→ Your goal
The pictures must be left out, while the rest of the data is copied exactly.

━━━━━ Records for the task

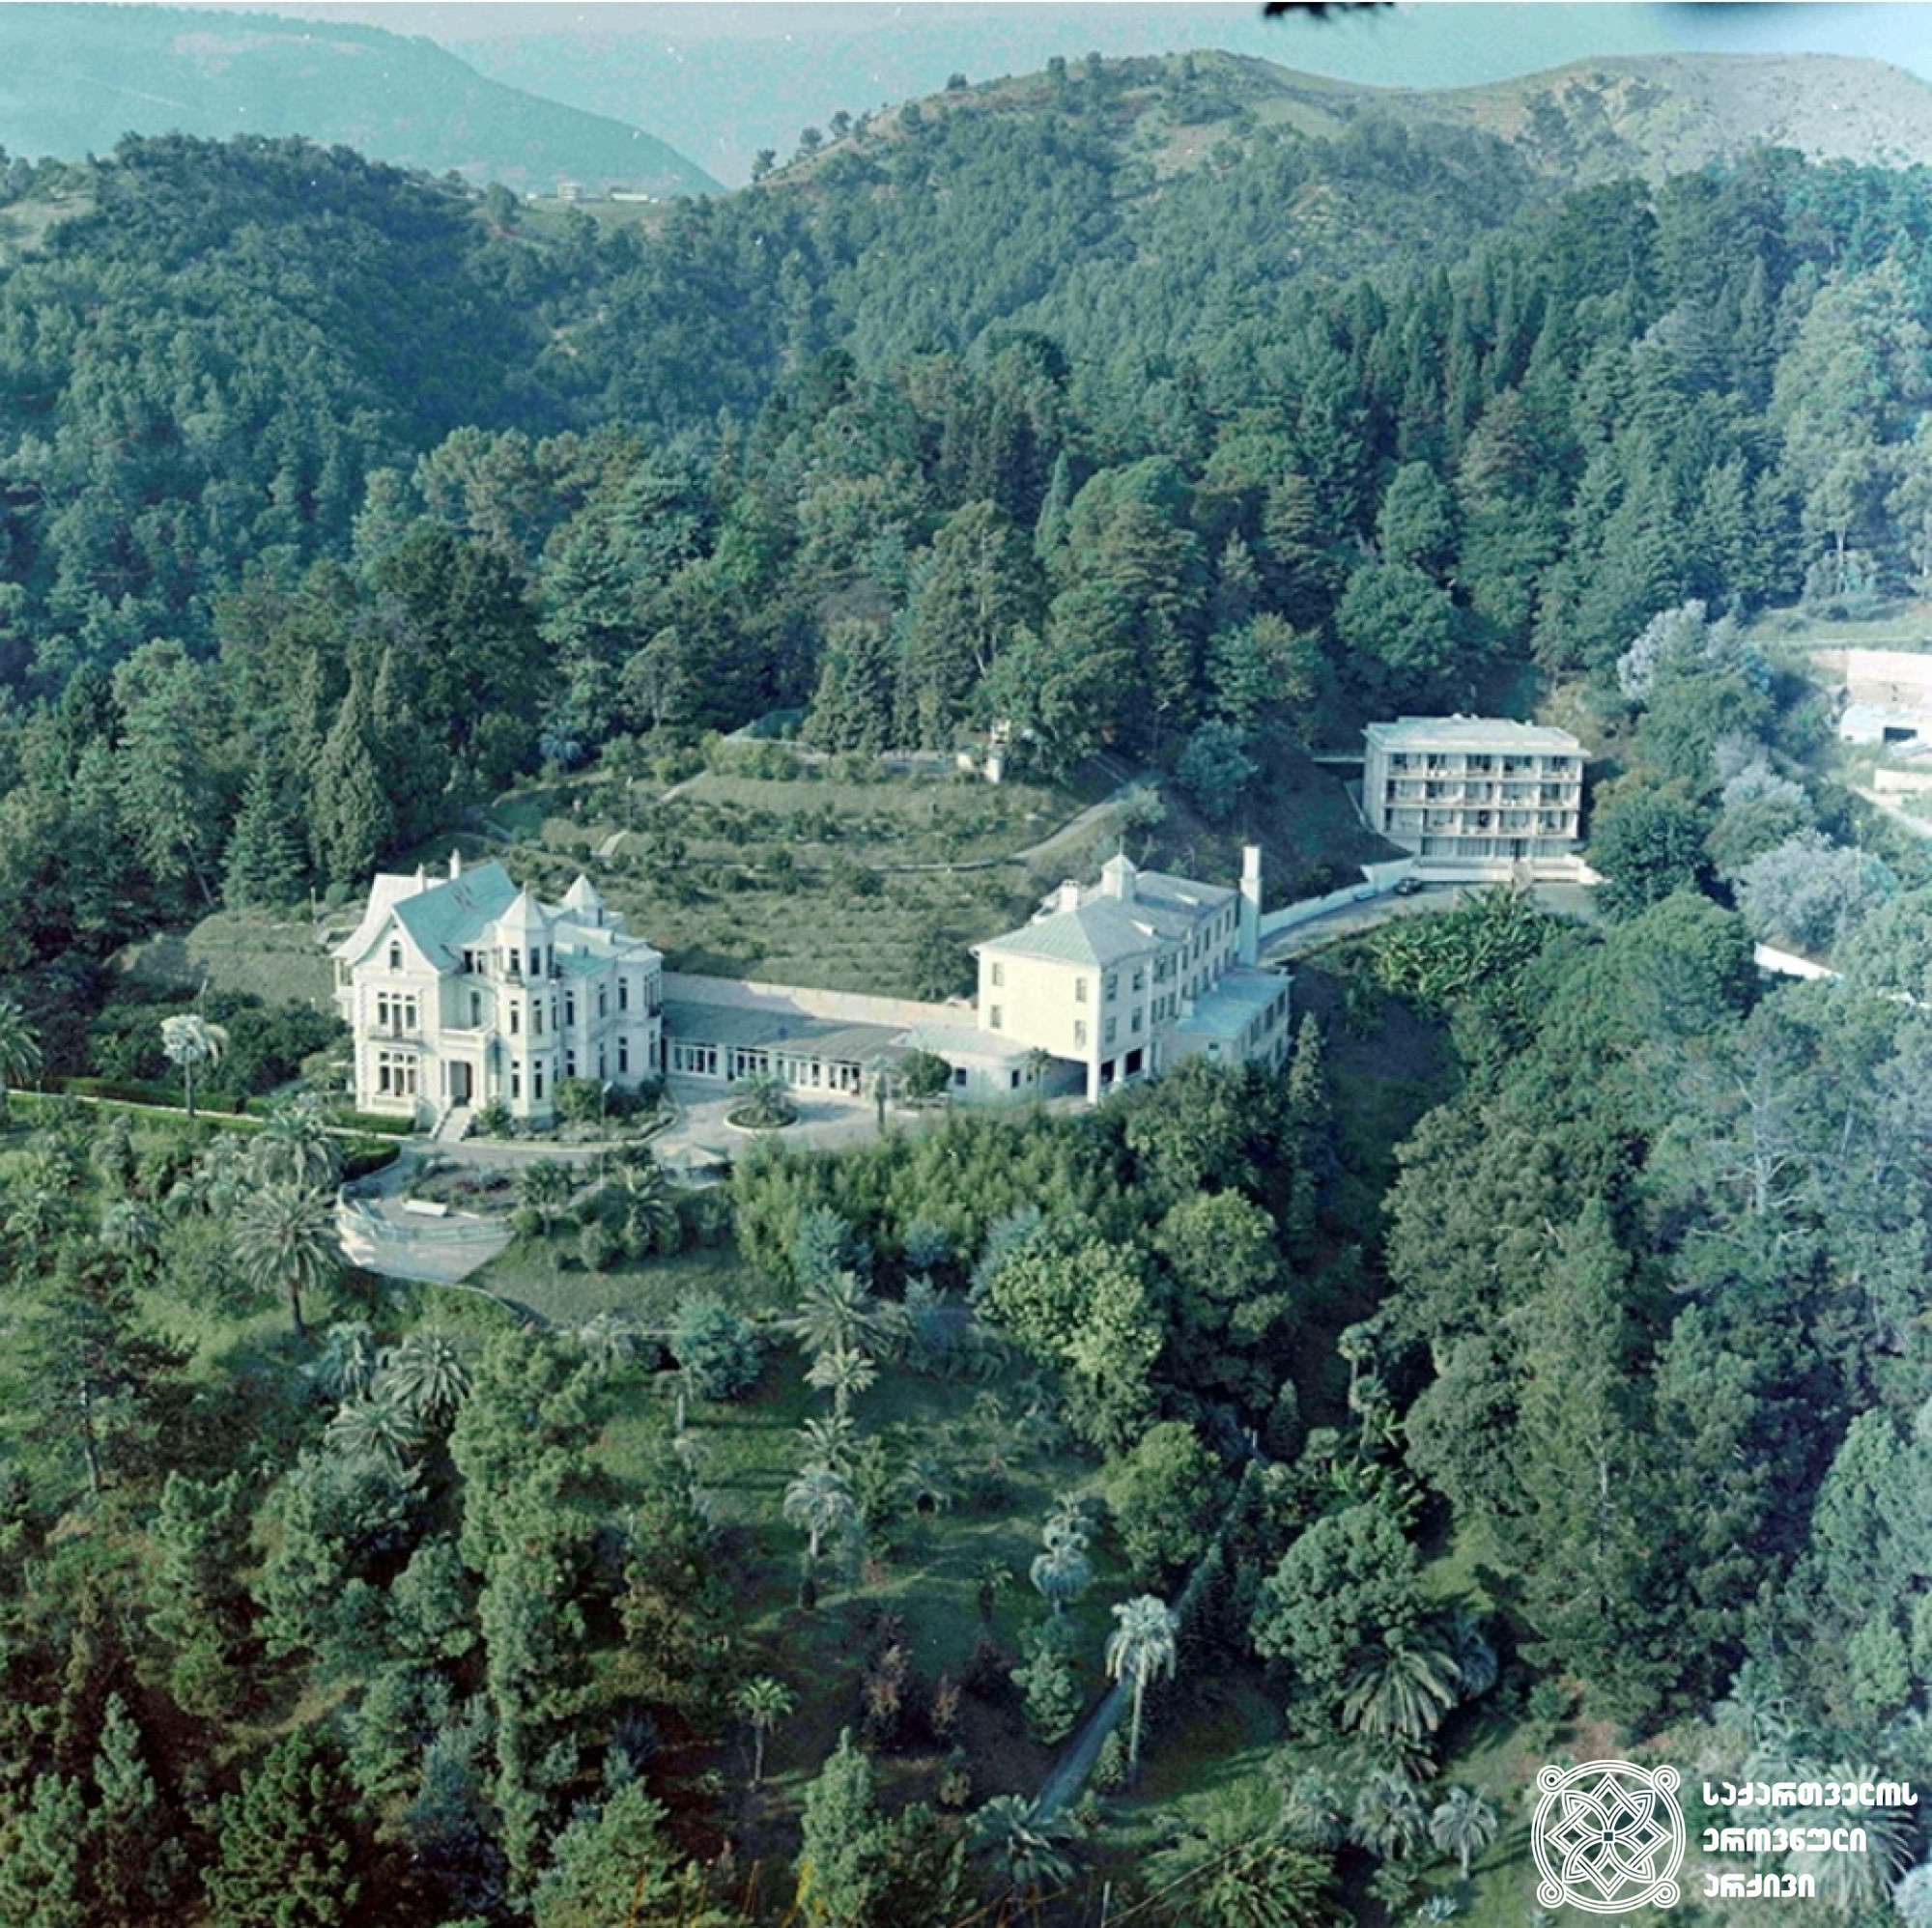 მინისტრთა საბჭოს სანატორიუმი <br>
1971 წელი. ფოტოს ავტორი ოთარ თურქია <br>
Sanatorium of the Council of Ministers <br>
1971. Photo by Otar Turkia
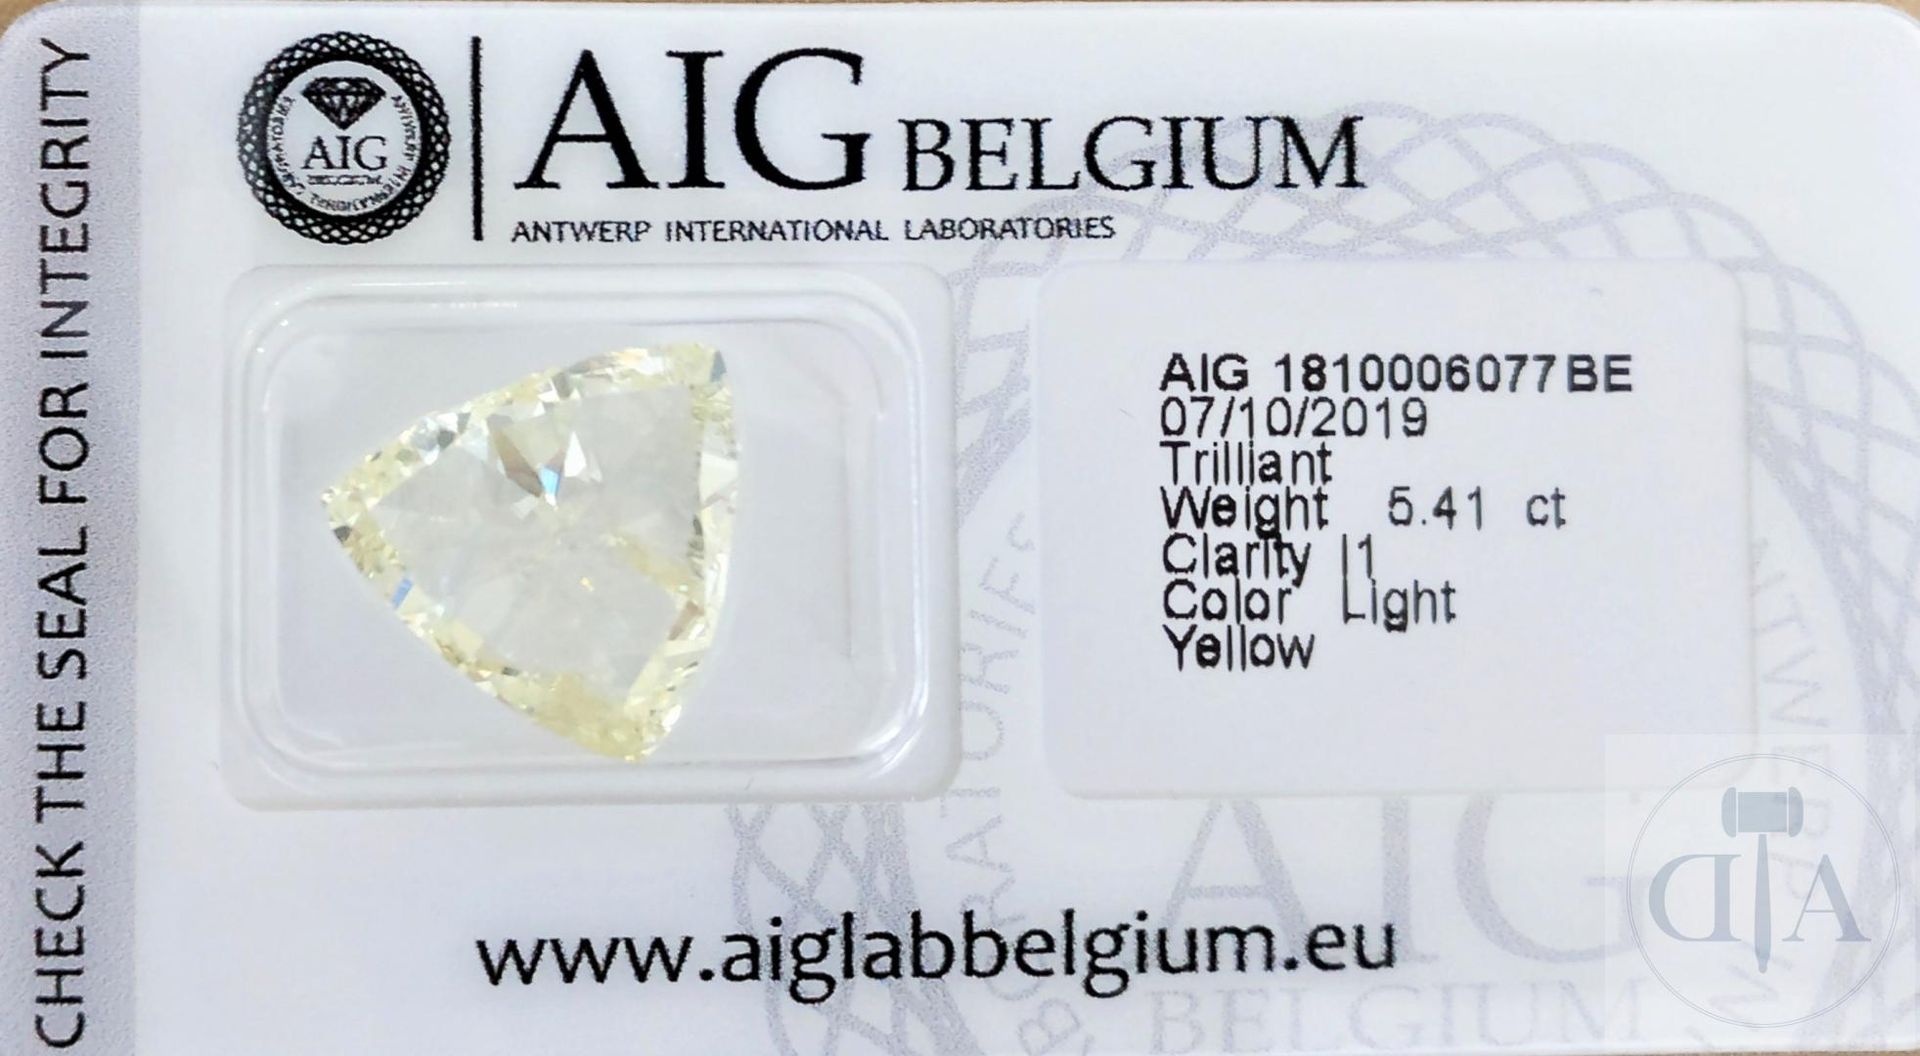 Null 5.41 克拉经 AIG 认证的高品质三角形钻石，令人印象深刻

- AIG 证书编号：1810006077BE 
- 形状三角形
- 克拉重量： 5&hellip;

━━━━━━━━━━

→ Solution to this problem
 მინისტრთა საბჭოს სანატორიუმი <br>
1971 წელი. ფოტოს ავტორი ოთარ თურქია <br>
Sanatorium of the Council of Ministers <br>
1971. Photo by Otar Turkia
 Null 5.41 克拉经 AIG 认证的高品质三角形钻石，令人印象深刻

- AIG 证书编号：1810006077BE 
- 形状三角形
- 克拉重量： 5&hellip;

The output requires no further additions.